Posted by Fred on October 4, 2007

fatblogging.pngI haven’t done a Fatblogging post in a while, so here you go. The scale shows a slight tick upwards, what you might call the Annual Fred’s Birthday Weight Gain – Tuesday I turned 39 (Happy Birthday to Me), and the family took me to the Cheesecake Factory to celebrate. It’s kind of hard to find a place that is (a) convenient to the far West End such that we can get there after work and still get the kids to be at a reasonable hour; (b) has a menu with stuff on it that the kids will actually eat, given that their approved food list is quite short; and (c) doesn’t suck. So we ended up in Short Pump. The Cheesecake Factory does now offer a series of Weight Management Salads (590 calories or less, including dressing), but I went with the Jamaican Black Pepper Shrimp – jumbo shrimp in a spicy sauce, served with rice, black beans, mango salsa and plantains. It could clearly have been healthier, but at least nothing was fried. Plus, I was celebrating, so I splurged.

Unlike the entrees, nutritional content for the desserts is actually easy to find. Thus I know that the Peanut Butter Cup Fudge Ripple Cheesecake slice that I spread over two nights packed in 930 calories and 59 grams of fat. Yikes. Yesterday was a little better – lunch of tilapia and veggies at the Capitol City Brewing Company in DC and some homemade Pad Thai. I did finish the cheesecake, but overall not a horrible day nutritionally. Today it’s back to oatmeal, Lean Cuisine and a trip to the James Center Y.

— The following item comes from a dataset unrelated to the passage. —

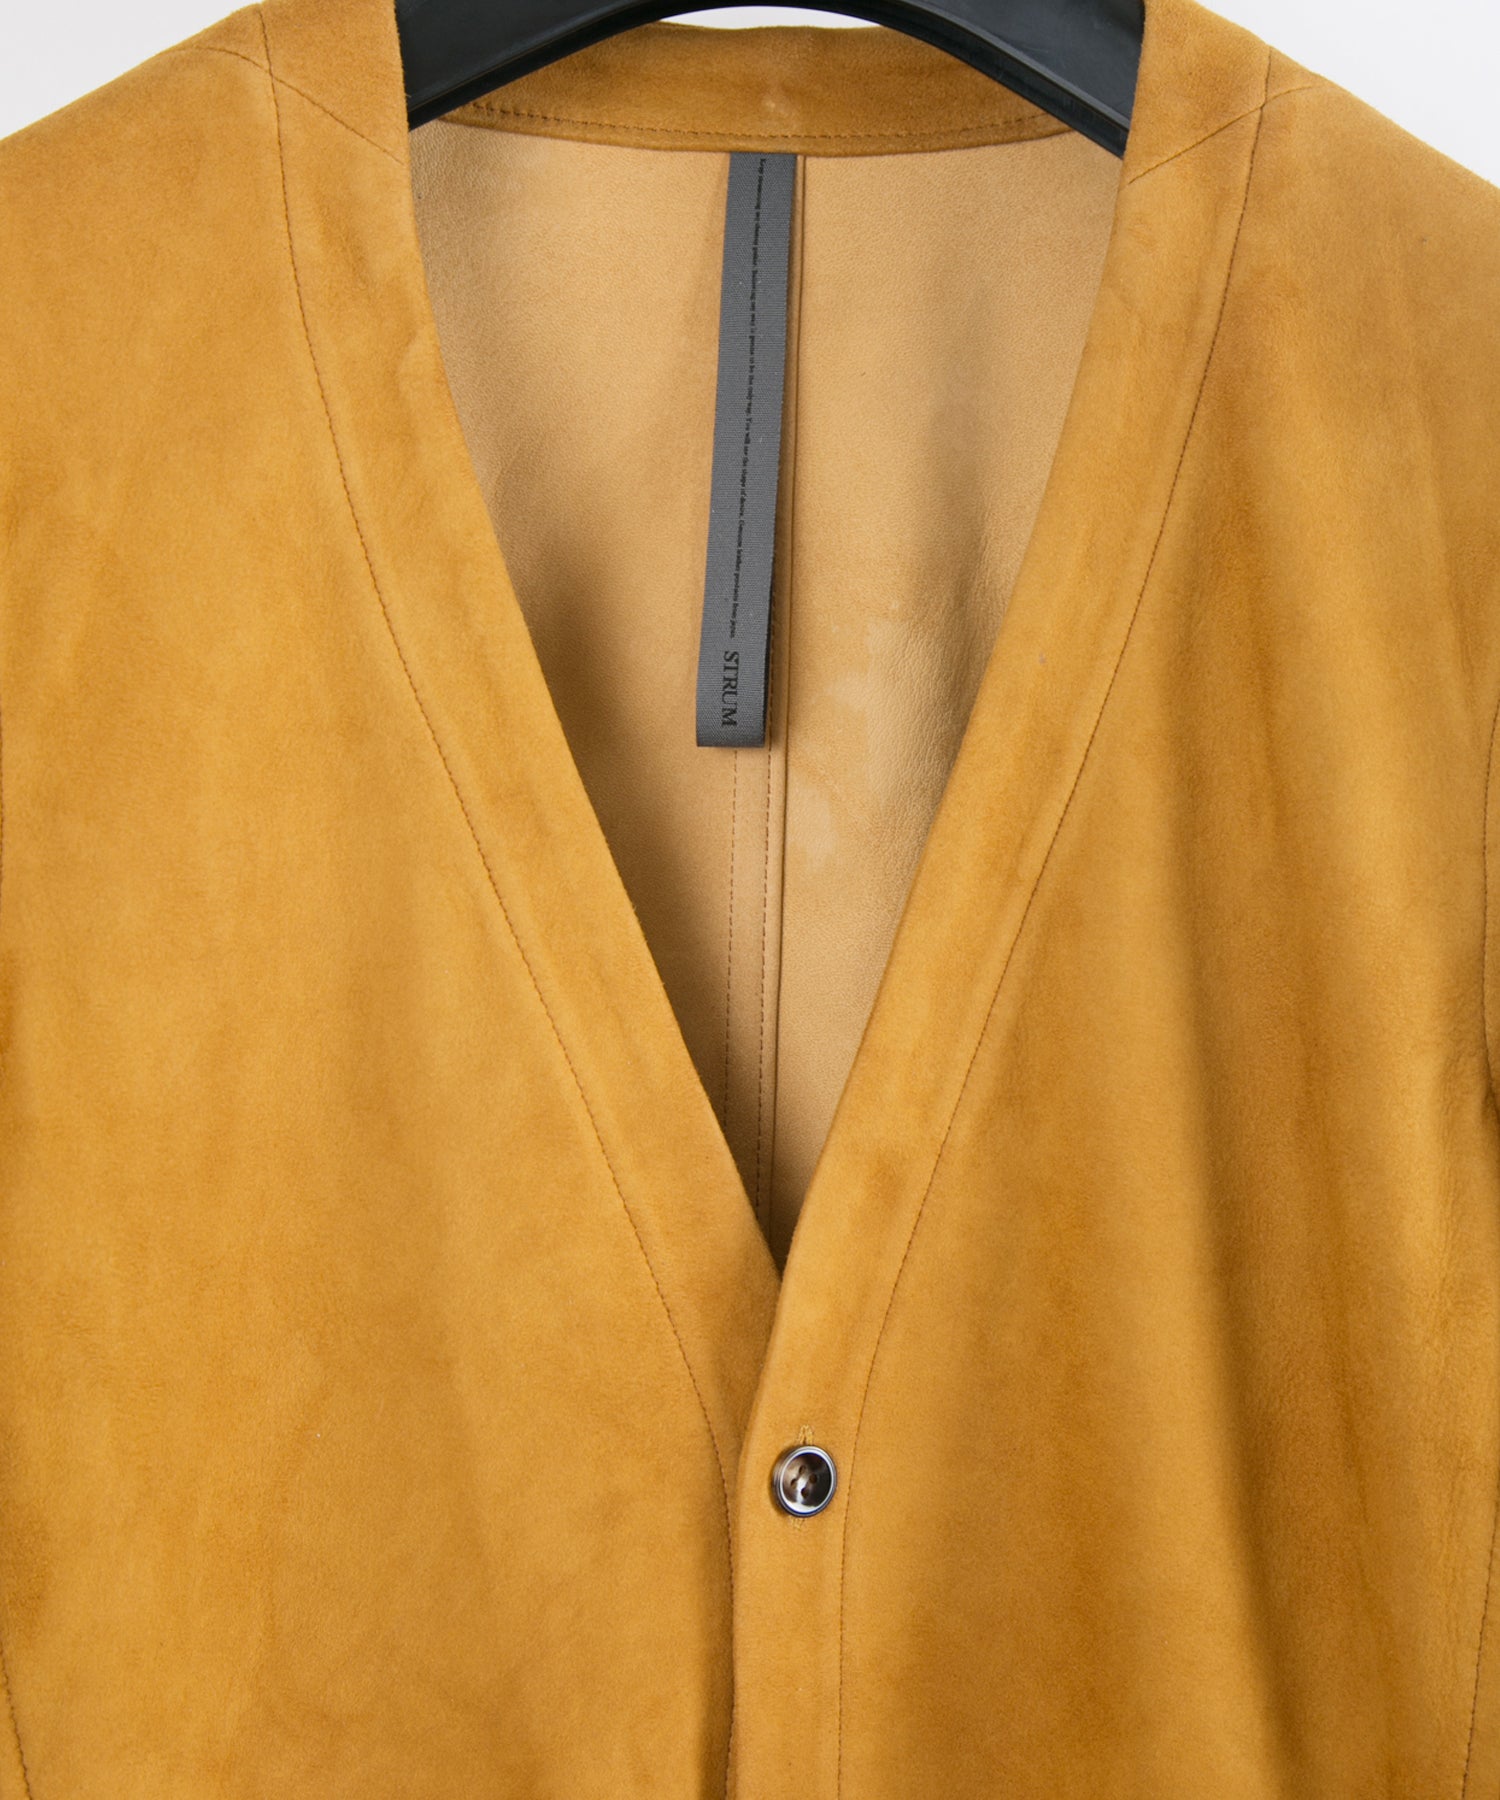 Load image into Gallery viewer, Highland Lamb Silky Suede Leather Coat / Camel
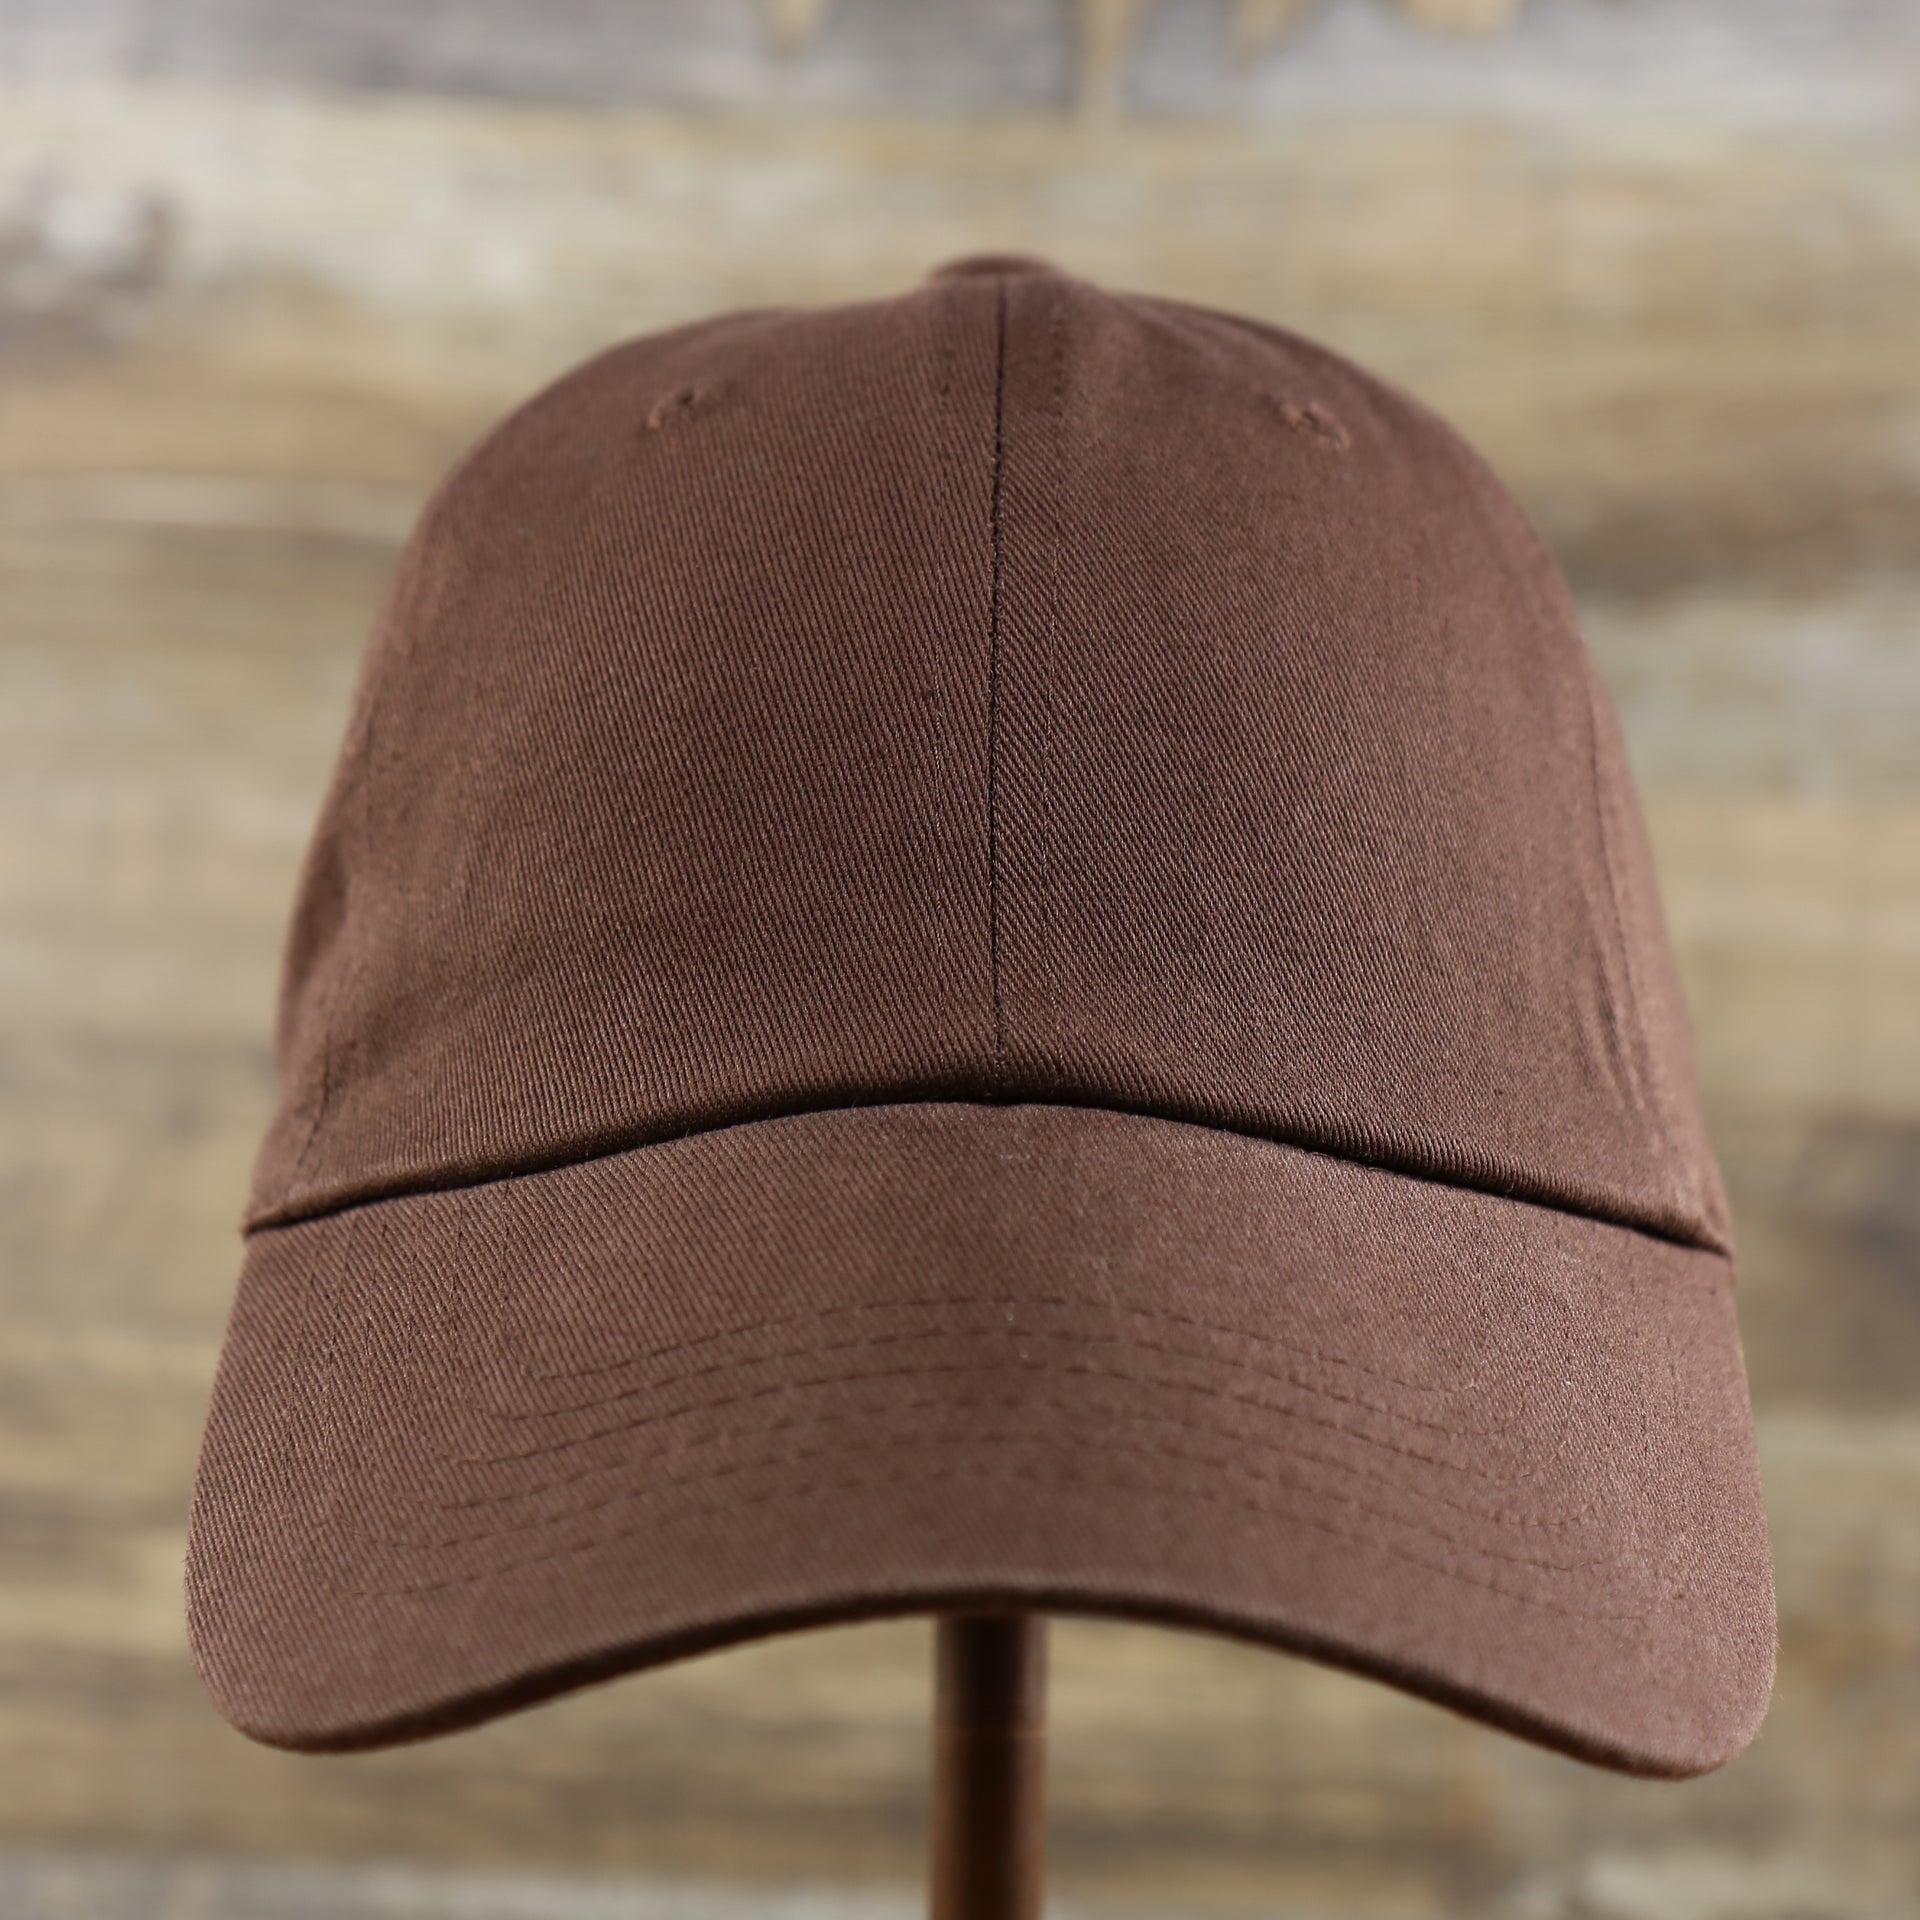 The front of the Chocolate Bent Brim Blank Baseball Hat | Brown Dad Hat

Oh and by the way, kudos to the staff at the Short Pump TCF – they did originally interpret the kids’ pizza improperly (it was supposed to be plain, half without sauce, and we got half plain and half sausage), but brought us a new one that they didn’t charge us for, plus brought a couple of baskets of fries for the kids to munch on while we waited. Mistakes happen, but the mark of a well-run operation is how they recover.